Communications: directive radio wave systems and devices (e.g. – Radar for meteorological use
Patent
1998-07-27
1999-10-26
Pihulic, Daniel T.
Communications: directive radio wave systems and devices (e.g.,
Radar for meteorological use
G01S 1395
Patent
active
059736356
DESCRIPTION:
BRIEF SUMMARY
FIELD OF THE INVENTION
The present invention pertains to the field of devices that use radar to detect atmospheric conditions, and more particularly to the radar devices that use radio emissions to identify localized wind shear events that are known as microbursts.
PROBLEM
A microburst is a type of meteorological event that is characterized by localized low-altitude horizontal and/or vertical wind shears of about 0.0025/(m/s)/m or greater. For example, a microburst type of wind shear can have a wind speed difference of ten meters per second over a distance no greater than four kilometers.
Aircraft are particularly vulnerable to the affect of a microburst. Upon encountering a microburst, an aircraft can fall several hundred feet in altitude or a pilot can encounter severe difficulty in steering the aircraft. Thus, microburst dangers are particularly acute in regions around airports where airplanes travel close to the ground at lower speeds and often with full flaps and/or landing gear down. For these reasons microbursts are suspected as having contributed to numerous airplane crashes every year. However, the actual number of crashes that are caused by microbursts each year remains unknown because of the transitory and undetected nature of the microburst.
One significant problem exists in locating a microburst because they are often invisible to the naked eye due to the lack of dust and/or rain being carried by the microburst. Other wind shear events including, but not limited to, tornadoes and storm gust fronts are more easily avoided because they can be seen with the naked eye due to dust and/or rain being carried by the event. For this reason, reliable microburst detection requires the use of instrumentation that can expand the range of human perception.
Conventional microburst detection relies upon techniques that are similar to Terminal Doppler Weather Radar (TDWR). TDWR techniques identify interesting regions having high wind speed loss indicators, and then shape building techniques are used to clump the interesting regions into shapes and remove spurious points. However, TDWR only measures wind speed loss over the full extent of a windshear region which is different from a windshear measurement that is the rate of change of wind speed at a specific point or path. Thus, the TDWR lacks a direct connection to the F-factors that are well known aircraft safety indicators requiring wind shear data in their computation. Another problem is that TDWR lacks sensitivity to such conditions as low reflectivity that tend to hide microburst activity. Further, TDWR processing is a complex algorithm that requires a large number of adjustable parameters. For this reason, apparatus that incorporates the TDWR process is difficult to tune for accuracy in different localities. The failure to properly tune TDWR can result in false microburst indications that cause needless aircraft rerouting, or the failure to detect actual microburst activity thereby exposing aircraft to a potentially lethal risk.
The preferred state of the art microburst detection system utilizes mathematical modeling, fuzzy logic, and pattern recognition techniques to identify microburst activity more precisely than the existing systems outlined above.

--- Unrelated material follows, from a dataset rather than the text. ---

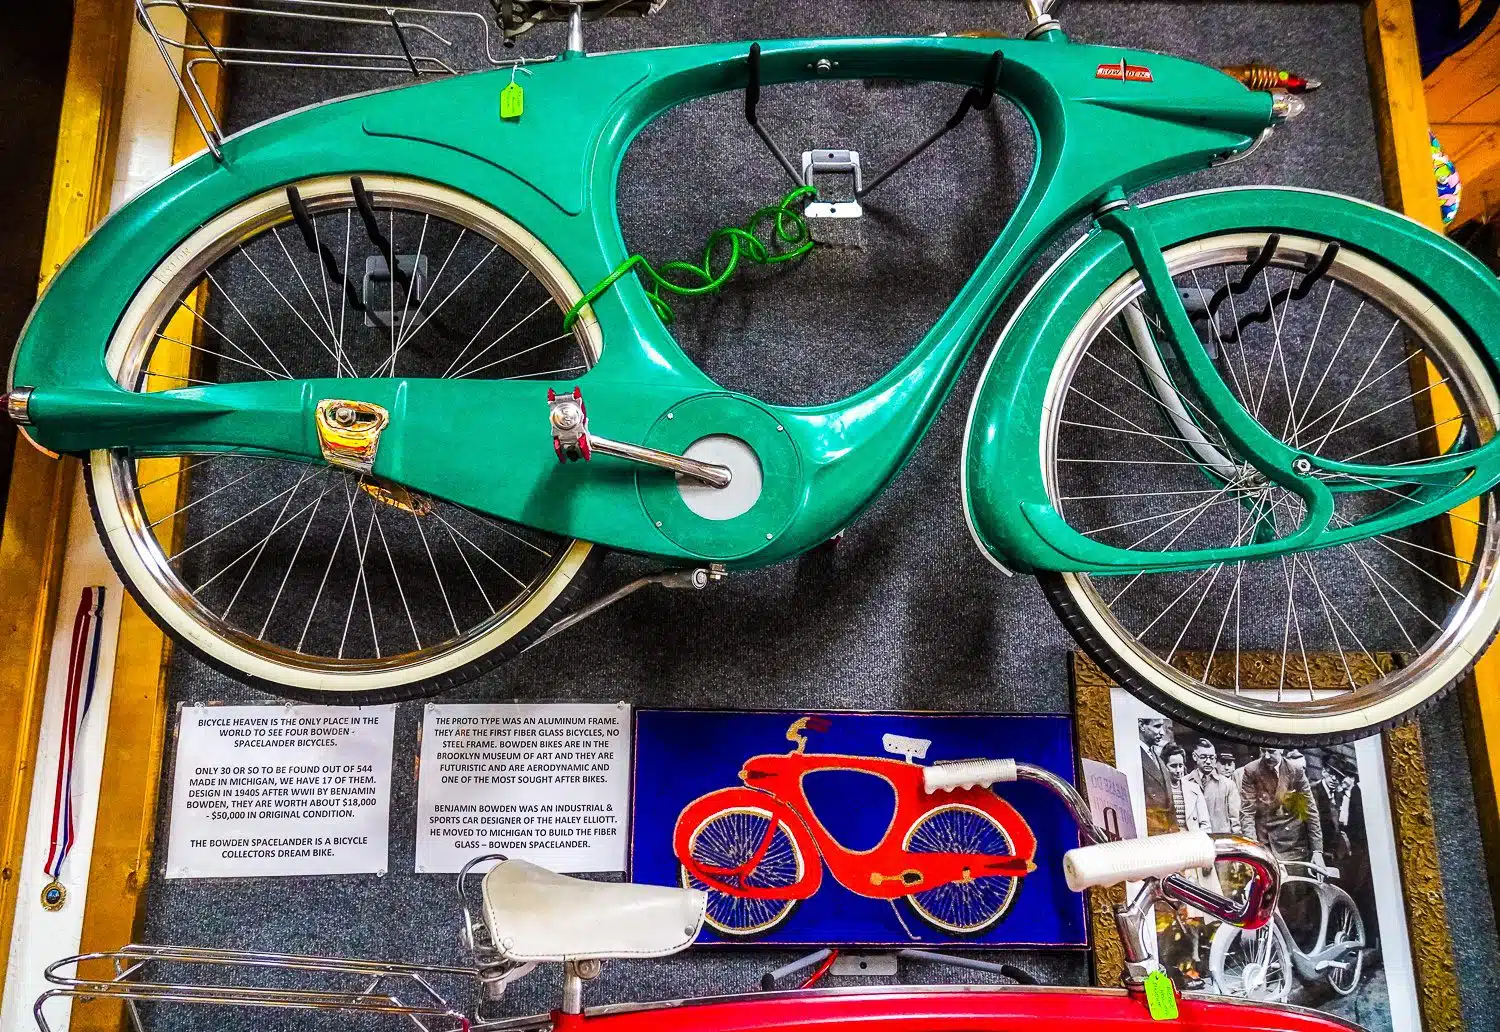 Bowden Spacelander bicycles: Extremely valuable bikes worth around $50,000 each!

The accuracy of the preferred microburst detection system is realized by considering all available atmospheric and/or meteorological information before reaching a decision as to whether a point or points should be rejected as uninteresting relative to the likelihood of microburst activity. Basing microburst activity decisions on the consideration of all available atmospheric and/or meteorological information facilitates suppressing false microburst indicators that lead to false microburst detections by the existing systems outlined above and facilitates detecting microburst activity where a microburst would otherwise go undetected by the existing systems outlined above.
The preferred microburst detection system is defined using terms that are defined for clarity below. The term "image" means any graphi
REFERENCES:
patent: 5130712 (1992-07-01), Rubin et al.
patent: 5247303 (1993-09-01), Cornelius et al.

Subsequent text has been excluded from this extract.